### [DATA FOR THE TASK]
▬▬▬▬▬▬▬▬▬▬

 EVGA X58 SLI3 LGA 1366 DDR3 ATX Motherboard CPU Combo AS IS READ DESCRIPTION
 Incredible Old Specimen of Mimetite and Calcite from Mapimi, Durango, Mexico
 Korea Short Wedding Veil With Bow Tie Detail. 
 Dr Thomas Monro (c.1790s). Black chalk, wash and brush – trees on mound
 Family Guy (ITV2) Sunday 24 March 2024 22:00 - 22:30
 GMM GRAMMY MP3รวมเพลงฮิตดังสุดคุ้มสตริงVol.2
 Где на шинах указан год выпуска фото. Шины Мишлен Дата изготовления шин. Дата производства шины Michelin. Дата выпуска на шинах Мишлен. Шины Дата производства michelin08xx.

▬▬▬▬▬▬▬▬▬▬

### [WHAT IS REQUIRED]
Copy from the line with "Family Guy (ITV2)" to the final line of the records, inclusive, and add nothing else.

### [ANSWER]
 Family Guy (ITV2) Sunday 24 March 2024 22:00 - 22:30
 GMM GRAMMY MP3รวมเพลงฮิตดังสุดคุ้มสตริงVol.2
 Где на шинах указан год выпуска фото. Шины Мишлен Дата изготовления шин. Дата производства шины Michelin. Дата выпуска на шинах Мишлен. Шины Дата производства michelin08xx.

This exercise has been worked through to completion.